To enhance the quality of early childhood education, and provide better economic opportunities to early childhood educators themselves, states should create Charter Colleges of Early Childhood Education.  These research-driven, flexible, and accountable institutions would help increase the supply of high-quality early childhood educators, provide those workers and their families with stable, well-paying jobs, and create a new model of higher education and credentialing that can be applied to other fields.

The Challenge

A growing body of research demonstrates that high-quality early childhood education has tremendous potential to improve children’s and families’ lives.  Spurred by this research, as well as growing demand for childcare to enable parents to work, policymakers have seized on early childhood education as a strategy to improve student achievement and break the cycle of intergenerational poverty.  Yet despite increasing public investment, only one-third of American preschoolers have access to publicly funded pre-K or the federal Head Start program, and preschool quality is often low. 

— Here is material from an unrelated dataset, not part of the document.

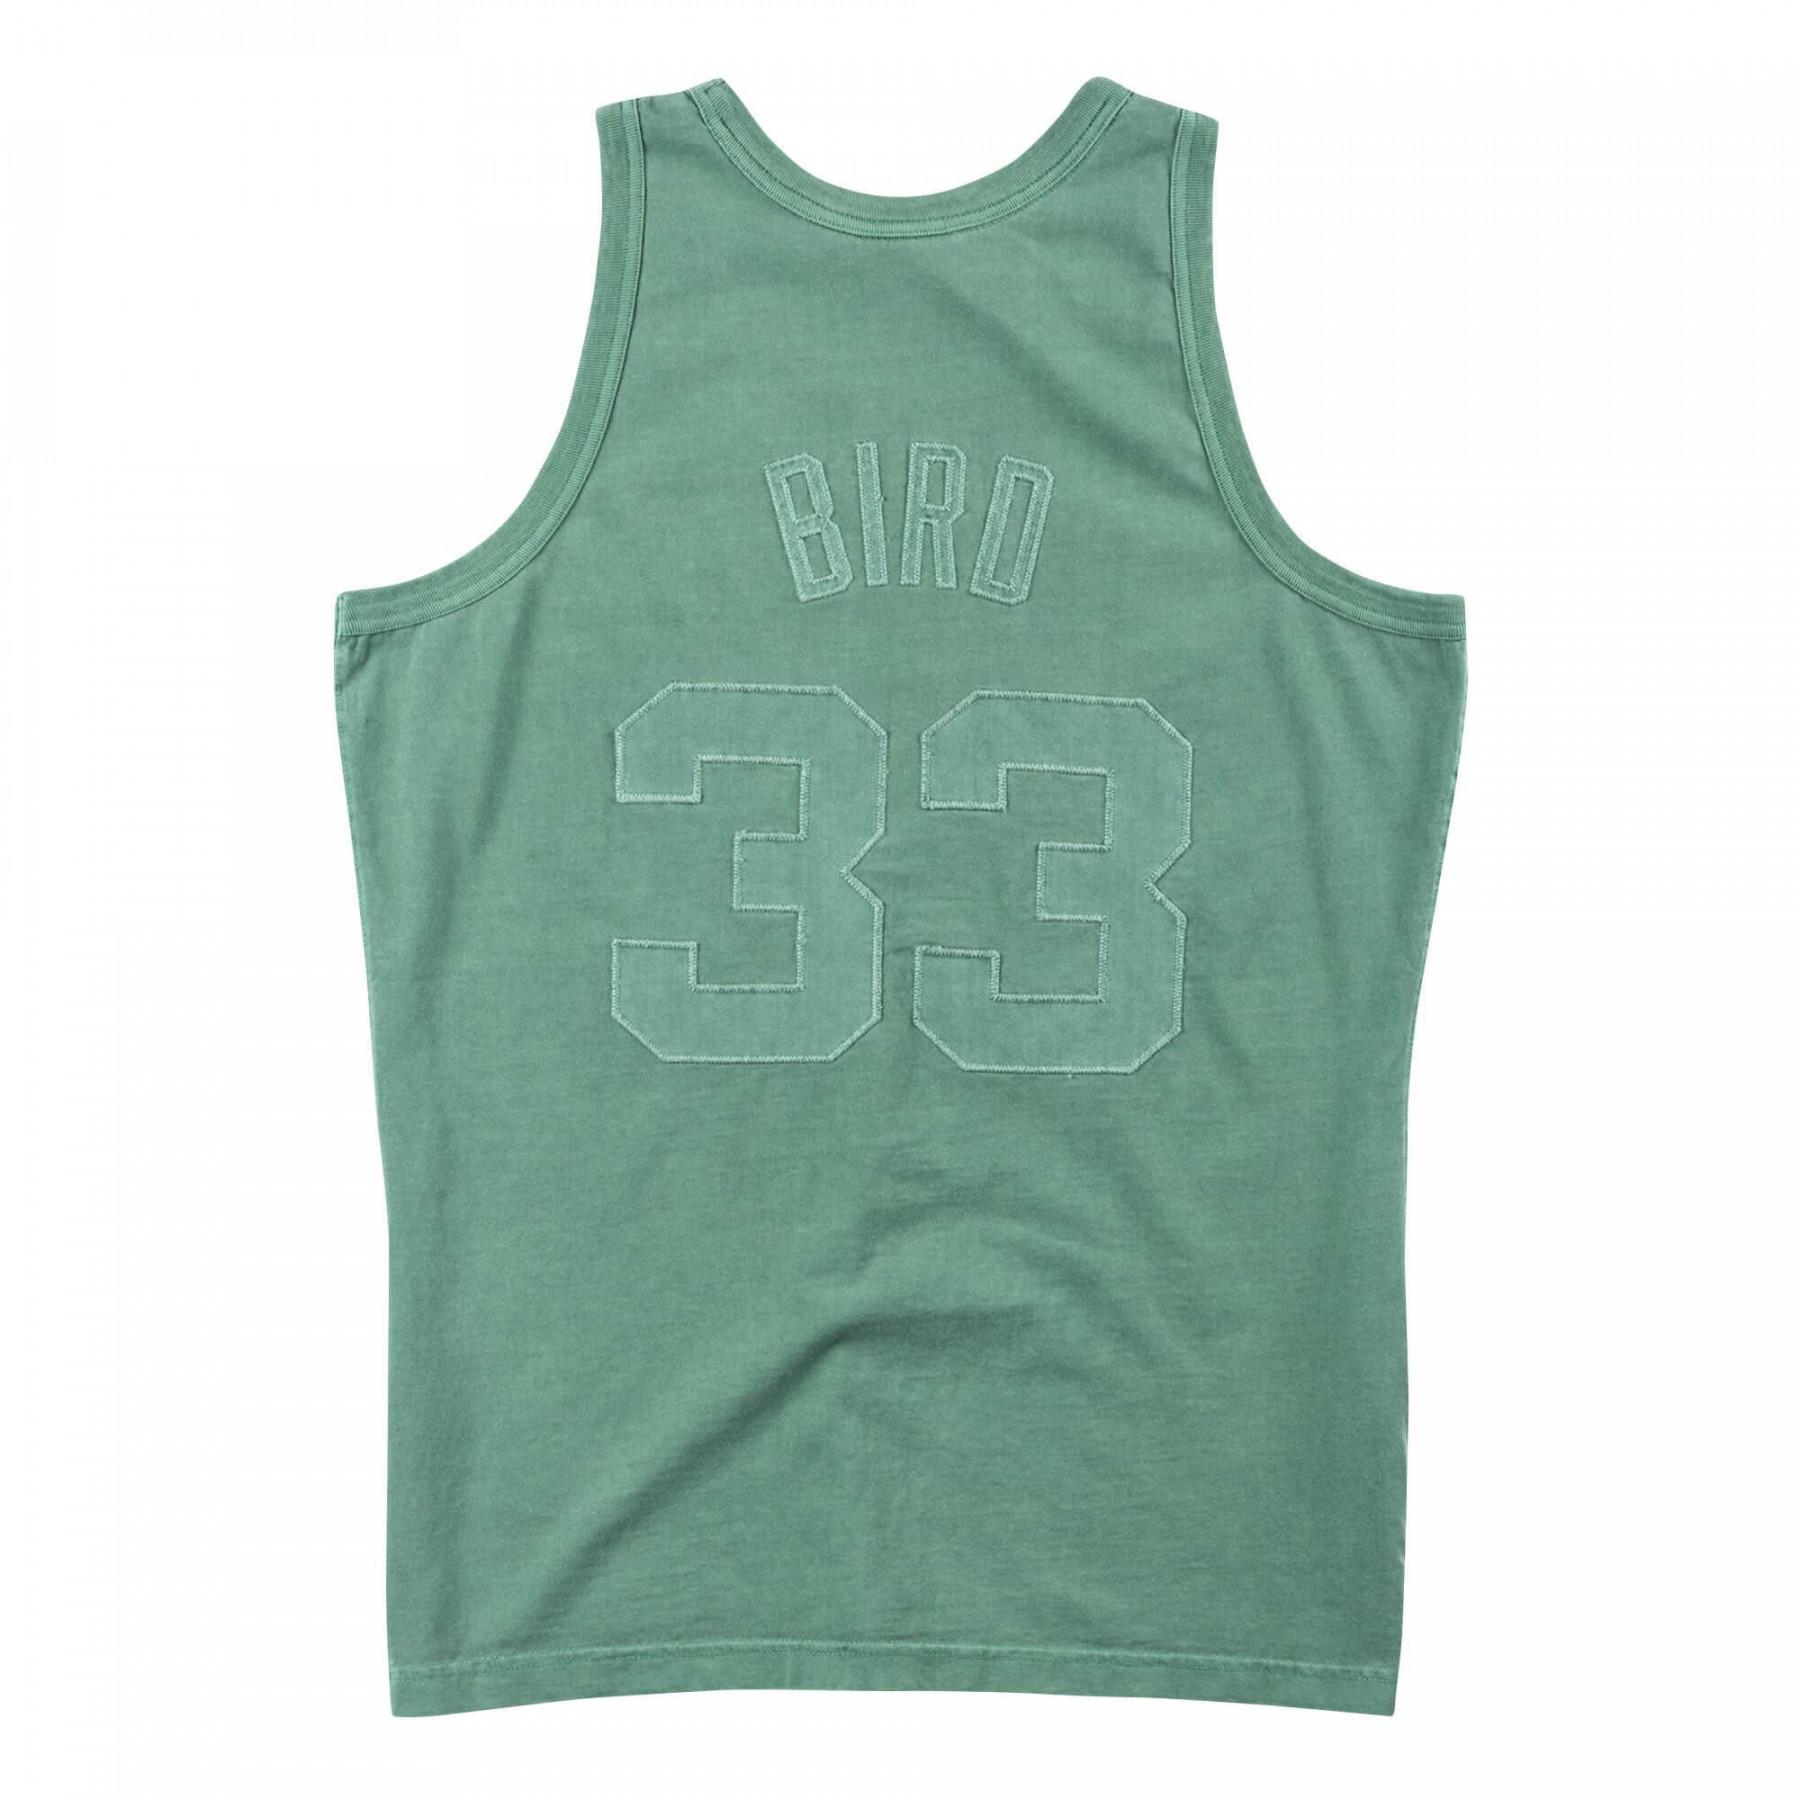  Mitchell & NessM a i l l o t   Washed Out Larry Bird Boston Celtics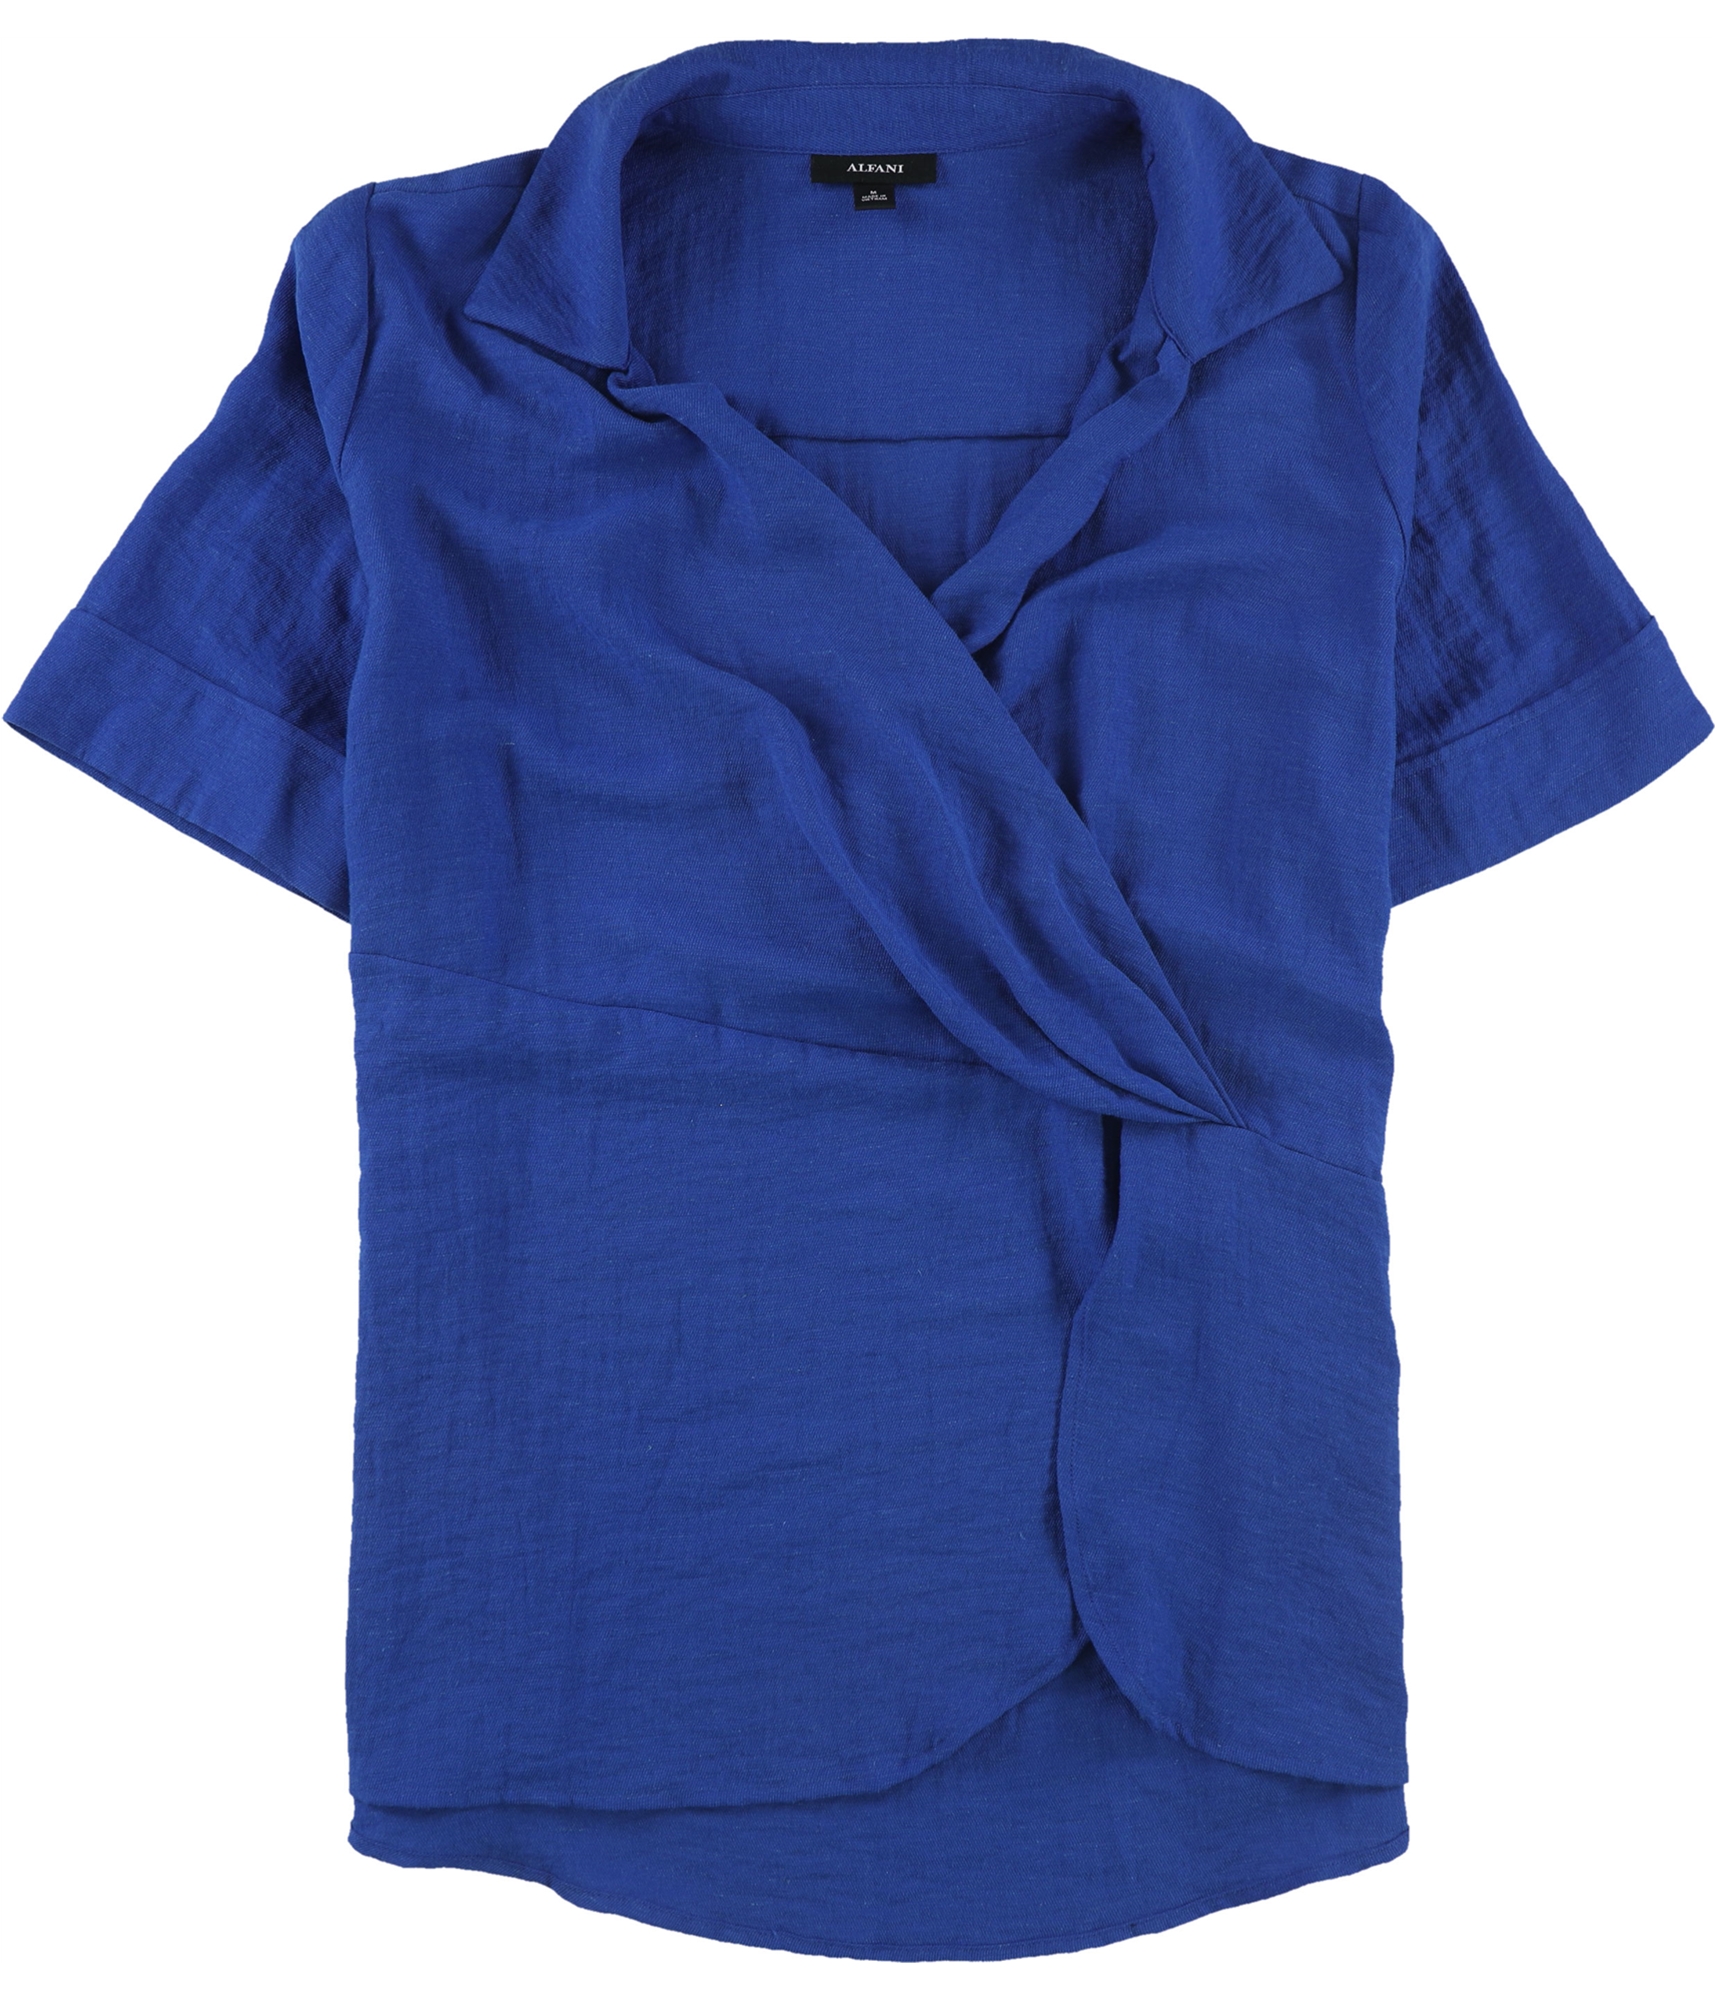 Alfani Womens Blue Short Sleeve V Neck Top Size M for sale online | eBay

One contributing factor is that the average preschool teacher in the United States earns only $23,870 annually, compared to $51,009 for public elementary and secondary school teachers.  To address this disparity and improve early childhood education quality, many advocates have called for extending the umbrella of traditional K-12 teacher policy over early childhood workers, by requiring preschool teachers to earn bachelor’s degrees and state certification.  But that system is ill-designed for helping early childhood workers get the skills and salaries they need:

  • Research offers little evidence that bachelor’s degrees improve early childhood educator effectiveness
  • Early childhood bachelor’s degree programs are not well designed to prepare educators for the classroom
  • Bachelor’s degree requirements for early childhood educators would drain public and private coffers
  • Students similar to those working in early childhood education who pursue bachelor’s degrees usually fail to complete them

A New Approach

Building on the early success of promising models in the field, policy makers should create new Charter Colleges of Early Childhood Education, built from the ground up specifically to give early childhood workers the education they need.  Like their K-12 counterparts, charter providers would receive increased flexibility in exchange for increased accountability to deliver results.  To create and empower these institutions, policy makers should:

  • Set clear expectations for what early childhood educators need to know and be able to do, based on state early learning standards and current research
  • Define credentials linked to skills and workforce needs, reflecting the variety of settings in which early childhood educators work and the differentiated roles they take on in those settings
  • Identify metrics of teacher knowledge and skills, allowing charter colleges to confer credentials when students successfully demonstrate their effectiveness in improving children’s learning
  • Create and empower authorizers to grant charters, enable charter colleges to grant credentials and access public funding, and hold the colleges accountable for their performance and use of taxpayer funds
  • Enforce constructive accountability by organizing independent evaluations and tracking supporting data to assess early childhood educator preparation programs

The charter concept can be most fully realized in states that have in place other elements of a high-quality early childhood system.  The Obama Administration’s new Early Learning Challenge Race to the Top Program provides a unique opportunity for states to consider creating charter colleges of early childhood education as part of their strategies to create great early childhood workforces.  In doing so, states can address the twin challenges of providing disadvantaged children with better life chances, and giving their parents access to marketable skills and better jobs.